The rule doesn’t explicitly state whether the State Bar could proceed with an investigation if the DOJ doesn’t find a violation. It only states that the State Bar’s separate investigation could proceed if the DOJ declines to investigate or finds a violation.
The DOJ didn’t respond to requests for clarification on the rule, nor did it provide information on what the next steps would be in the process.
Amy Richardson, an attorney who represents lawyers facing investigations and prosecutions in Raleigh and Washington, D.C., said that’s one of several areas where the proposed rule remains unclear.
Other questions include what would happen to allegations of prosecutorial misconduct, sometimes outlined in innocence claims, that surface after a conviction, said Richardson, who teaches legal ethics at Duke University.

Why U.S. Justice Department says change is needed
DOJ officials say the proposed change reflects the current practice of state bars pausing investigations until the government moves forward. The rule change is needed now because political activists are using state complaint processes to target federal attorneys, including senior officials.
“Even more troubling,” DOJ officials said, explaining the proposed rule change, “is the willingness of some state bar disciplinary authorities to give credence to such complaints.”
Peter Bolac, executive director of the North Carolina State Bar, said the bar plans to submit a comment. An agenda for a special meeting of the State Bar Council on Tuesday says the issue will be considered then.
The executive director and president of the North Carolina Bar Association, which is an attorney membership organization that is separate from the regulatory State Bar, didn’t respond to requests for comment from The News & Observer.
Other legal organizations, including the National Association of Criminal Defense Lawyers, the Legal Defense Fund, the New York State Bar Association, and others have criticized the effort.
“This proposed rule is a constitutional sleight of hand dressed up as housekeeping,” said National Association of Criminal Defense Lawyers President Andrew Birrell in a news release.
“By inserting the Attorney General as the first and controlling reviewer of complaints against her own attorneys — complaints that include allegations against the Attorney General herself — the Department has declared that DOJ lawyers answer to no one but the Department itself.”

Recent complaints about U.S. DOJ attorneys
Some recent high-profile complaints about federal attorneys highlight the kinds of issues that Bondi and her department appear to be trying to address.
In February 2025, the chair of the New York Senate Judiciary Committee filed a complaint against the then-Acting Deputy Attorney General Eric Bove III’s conduct in the process to dismiss an indictment accusing former New York City Mayor Eric Adams of bribery and campaign finance offenses.
A year later, the Freedom of the Press Foundation filed a complaint with the Virginia State Bar. The foundation accuses a prosecutor of failing to inform a U.S. judge of a federal law limiting searches of journalists’ research materials and notes before the judge approved a search of the home of a Washington Post reporter.
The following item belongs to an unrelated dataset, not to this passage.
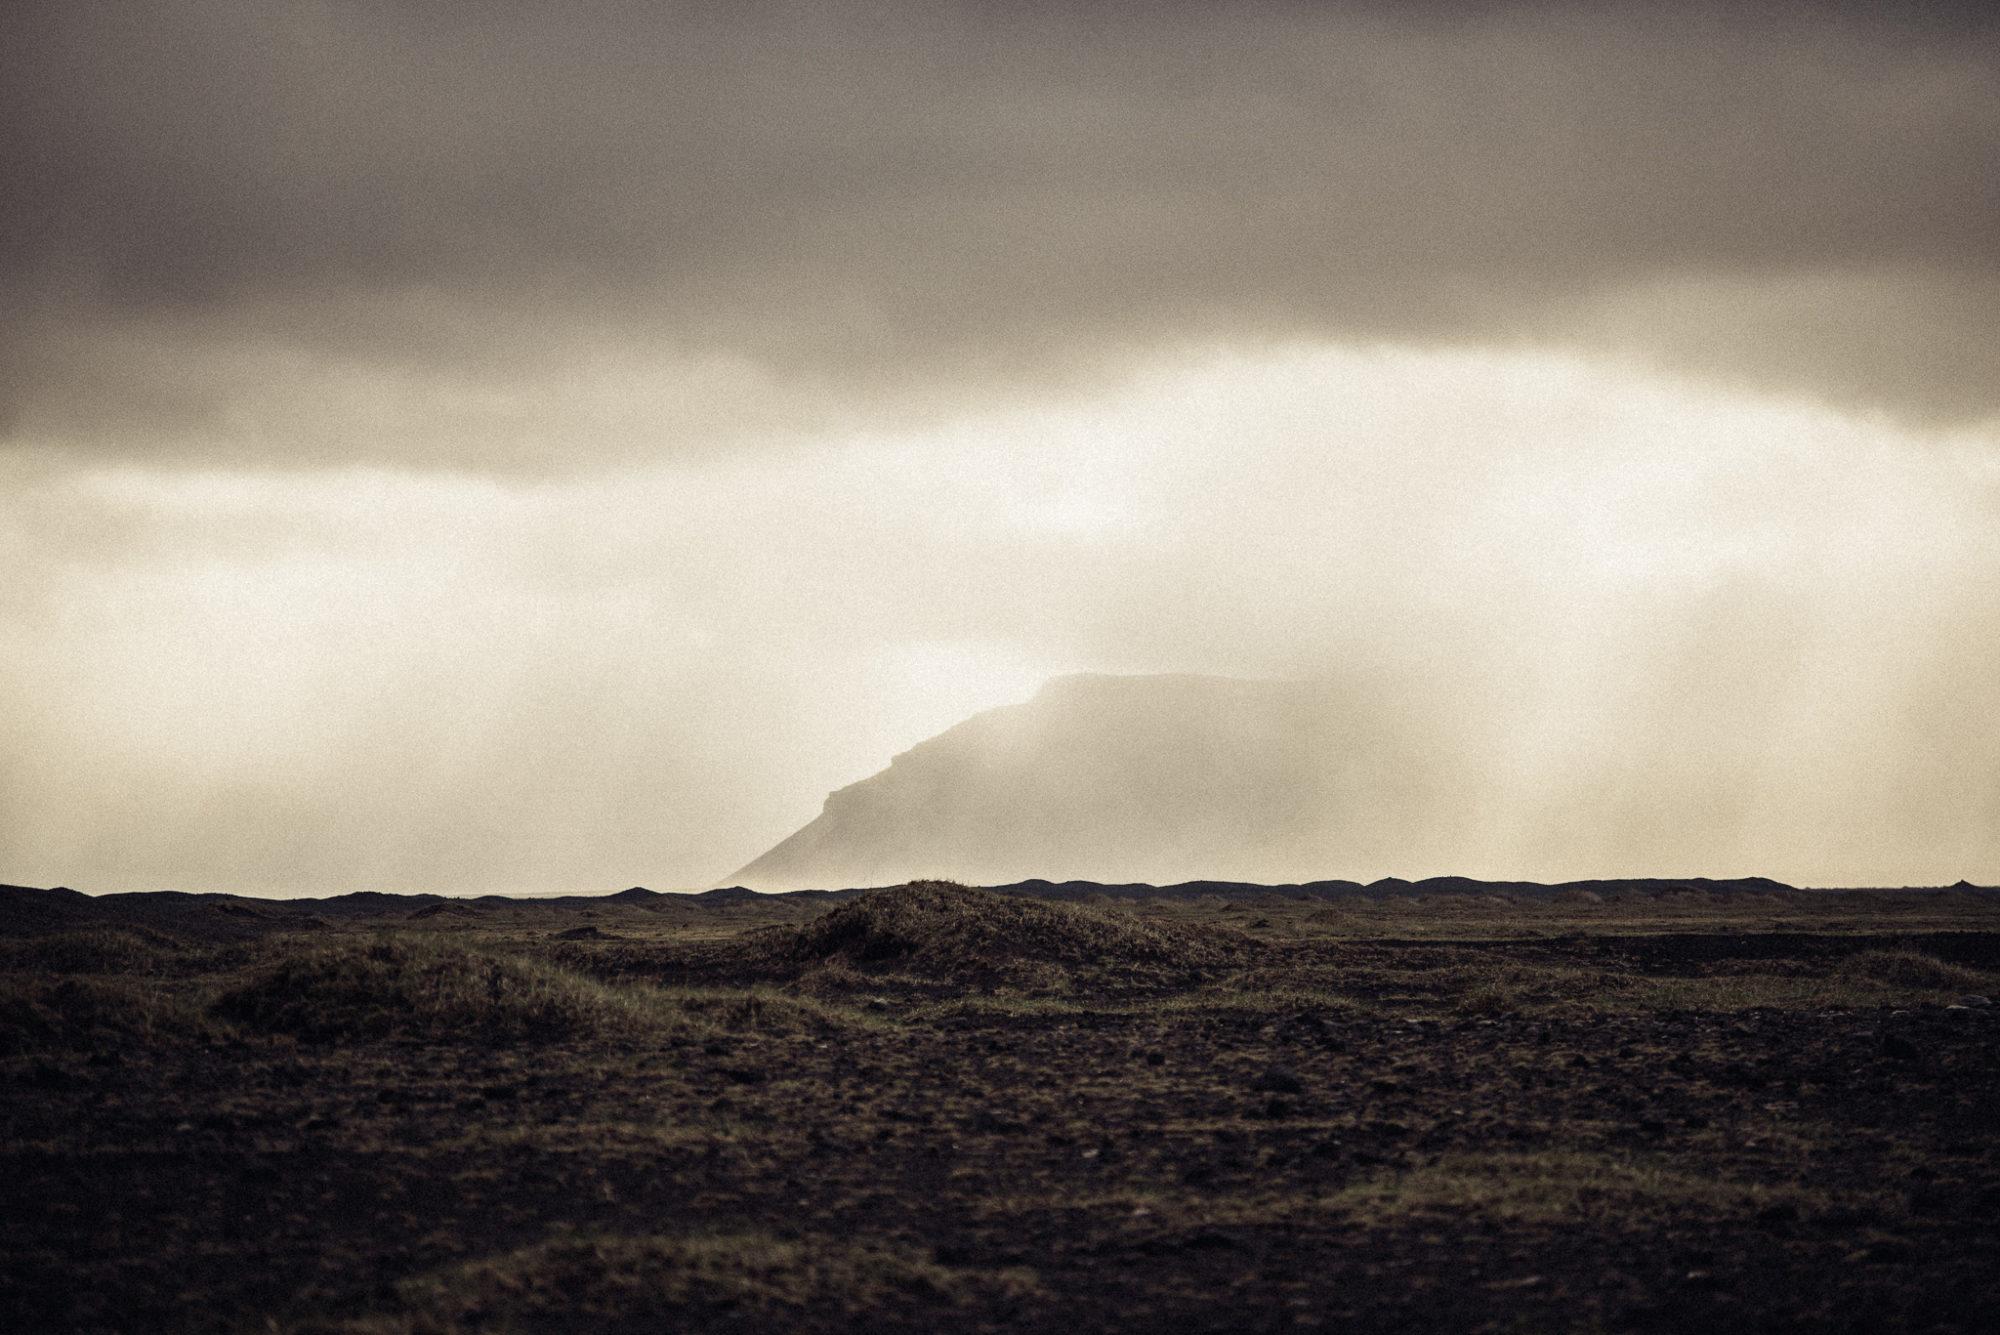 Atemberaubende Landschaft mit Regen Sonne und einem Berg auf Island

And earlier this month, the bar that regulates attorneys in Washington, D.C. filed ethics charges against Ed Martin, a former U.S. attorney there. The complaint centers on a letter Martin sent to Georgetown University’s law school in 2025, criticizing its diversity policy.
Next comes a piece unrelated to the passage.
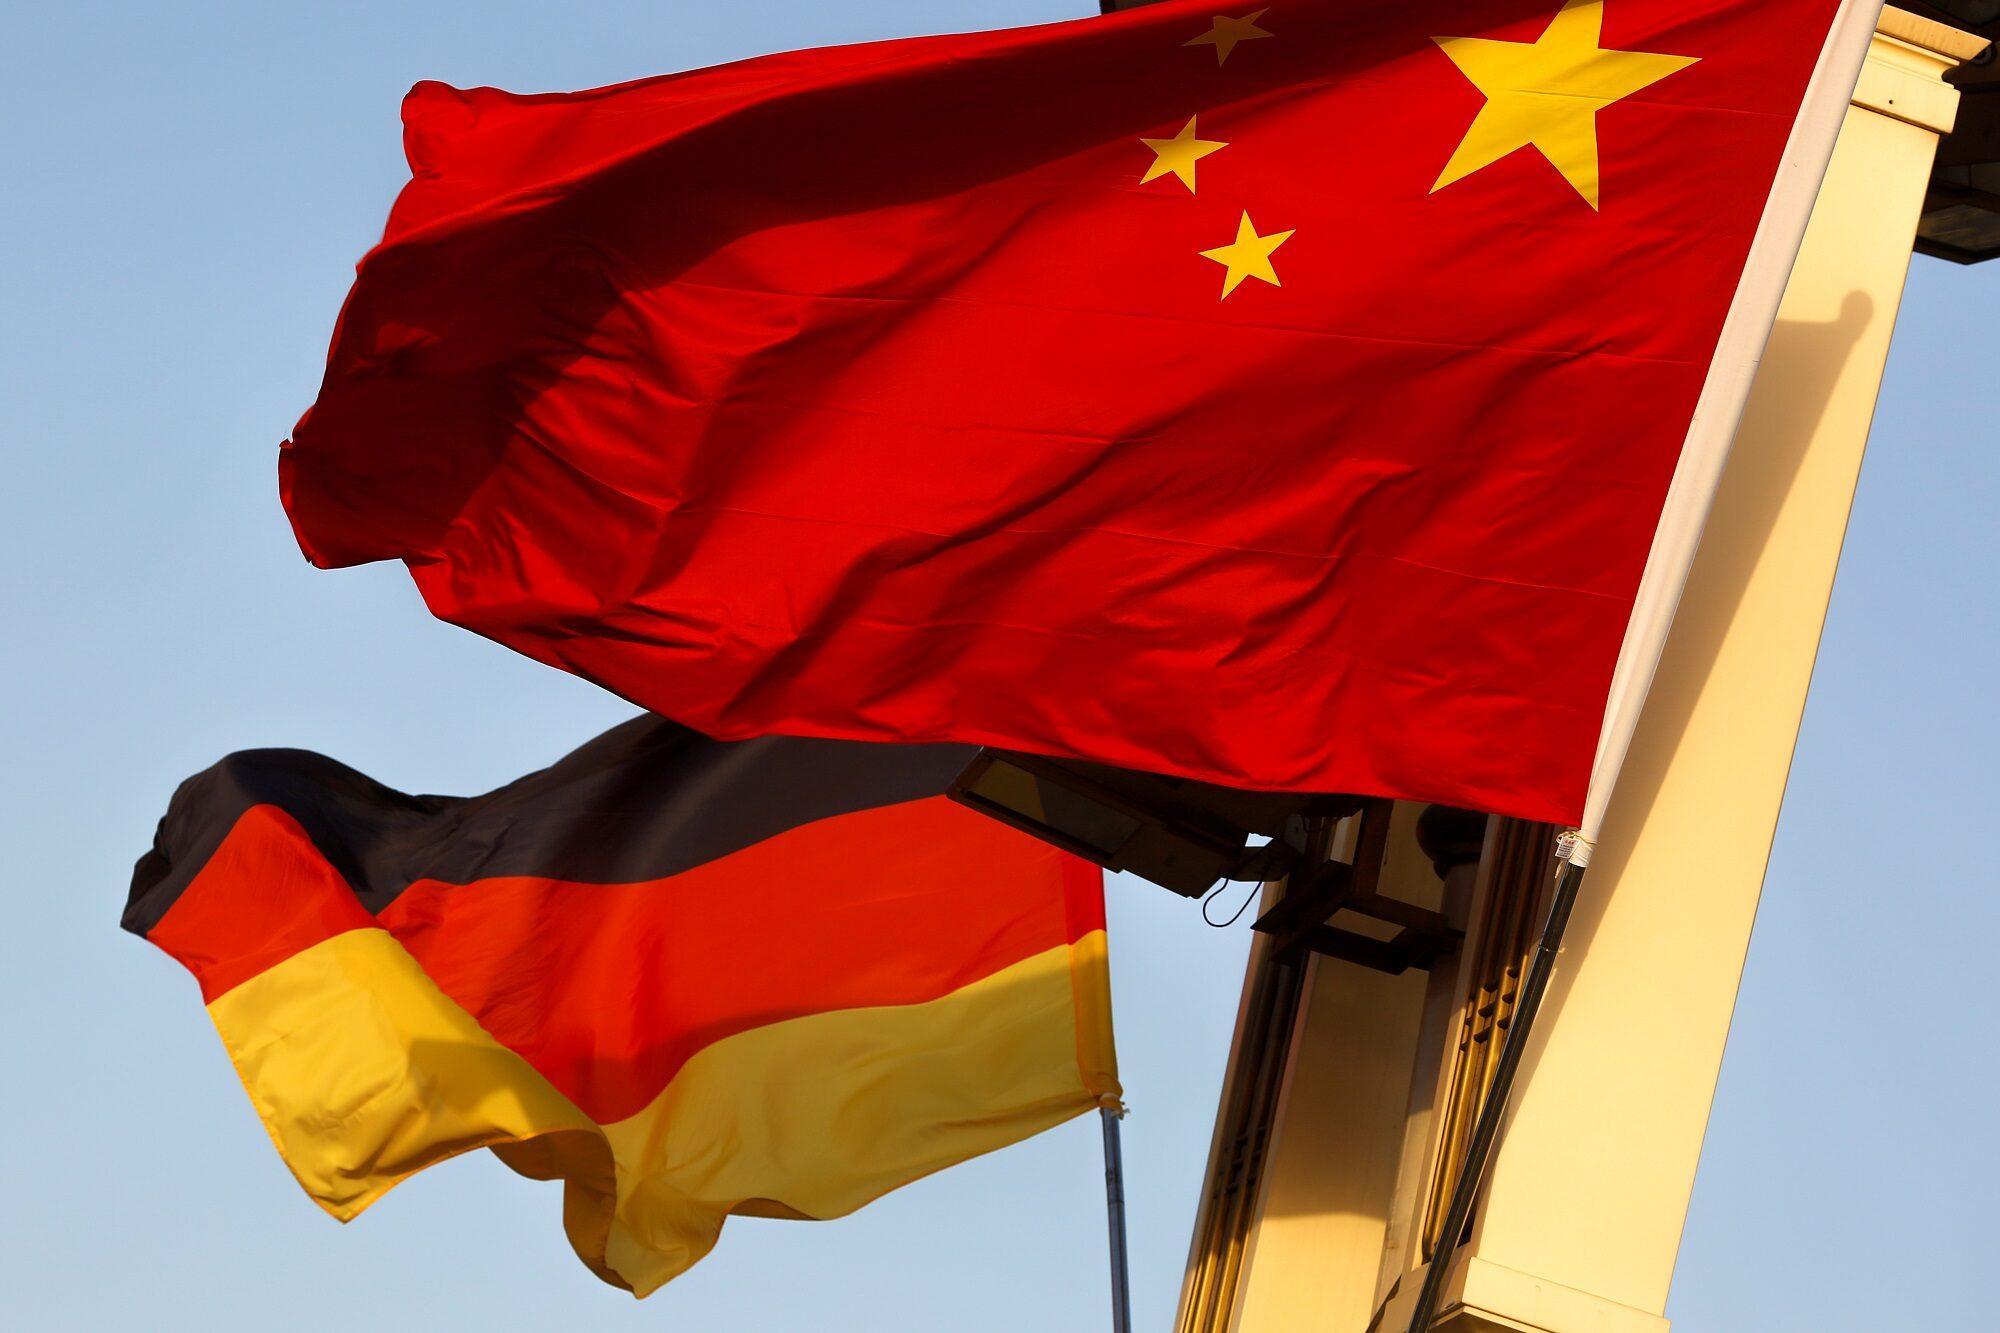 เยอรมันส่งเรือรบไปทะเลจีนใต้ครั้งแรกในรอบ 20 ปี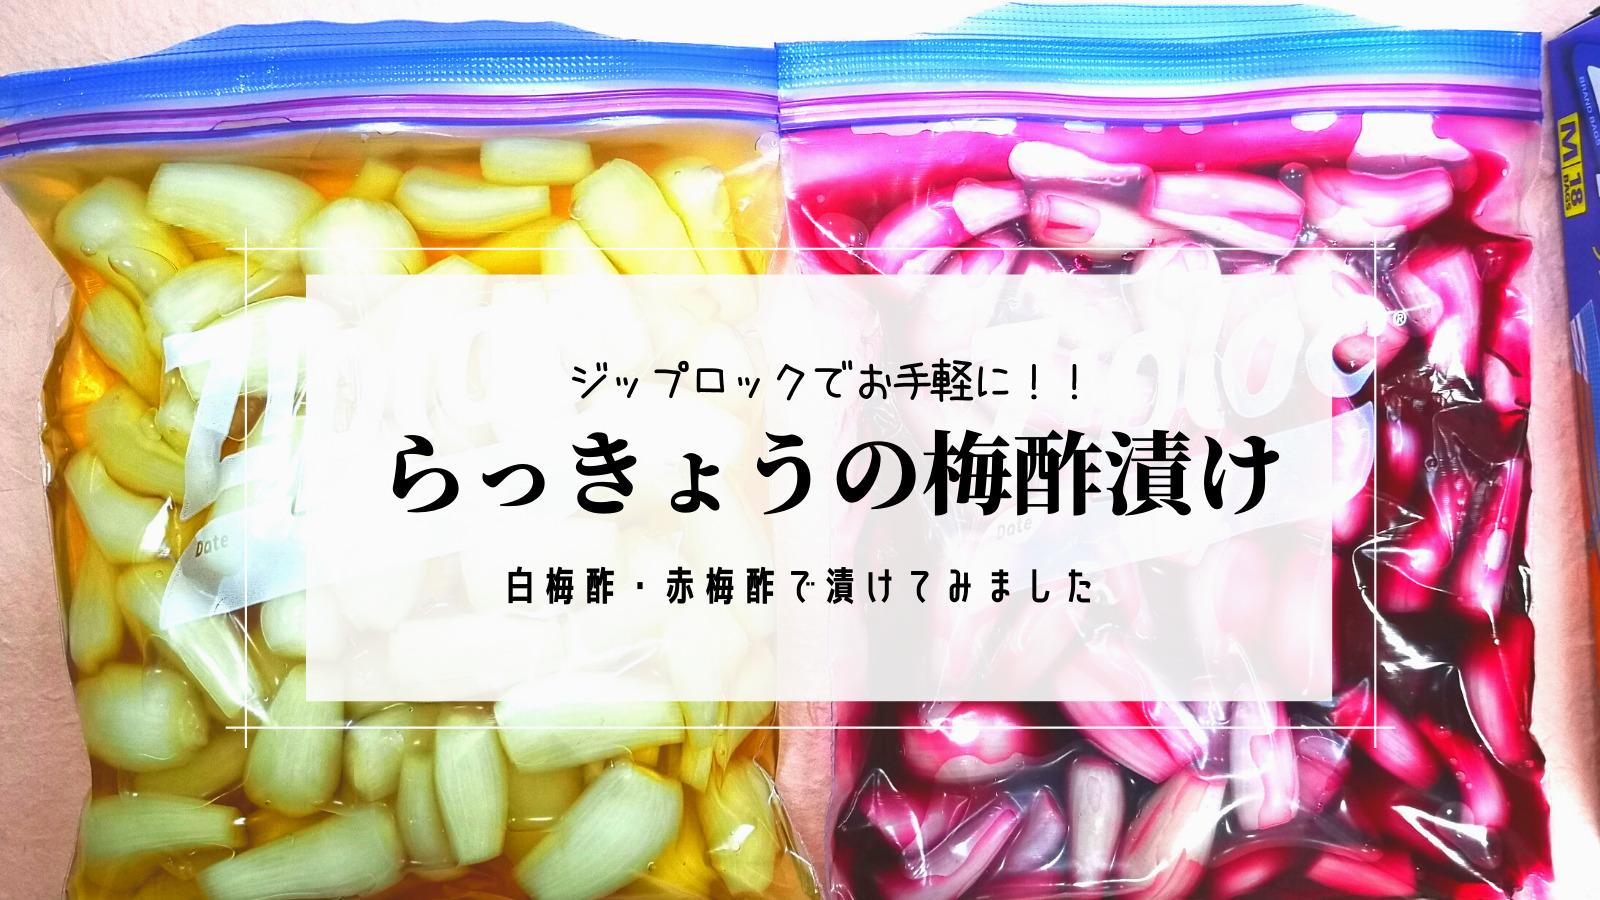 【らっきょうの梅酢漬け 500g/250g】ジップロック(キッチンバック)でお手軽に!

How could this affect North Carolina?
While complaints like the ones in Washington, D.C., and Virginia haven’t been reported in North Carolina, one prominent immigration attorney expects that to change.
“I think it’s an imminent threat,” said Jack Pinnix, past president of the American Immigration Lawyers Association and a founding member of the Carolinas Chapter.
For decades, Raleigh-based Pinnix had confidence in the extraordinary attorneys who have represented the DOJ in court, he said. But over the last year, he’s had concerns about prosecutors being ordered to take politically motivated actions rather than legal and appropriate ones.
The people who are pressuring these attorneys are the ones who will be shielded by the rule change, he said.
“I mean, just what could go wrong with that?” he said.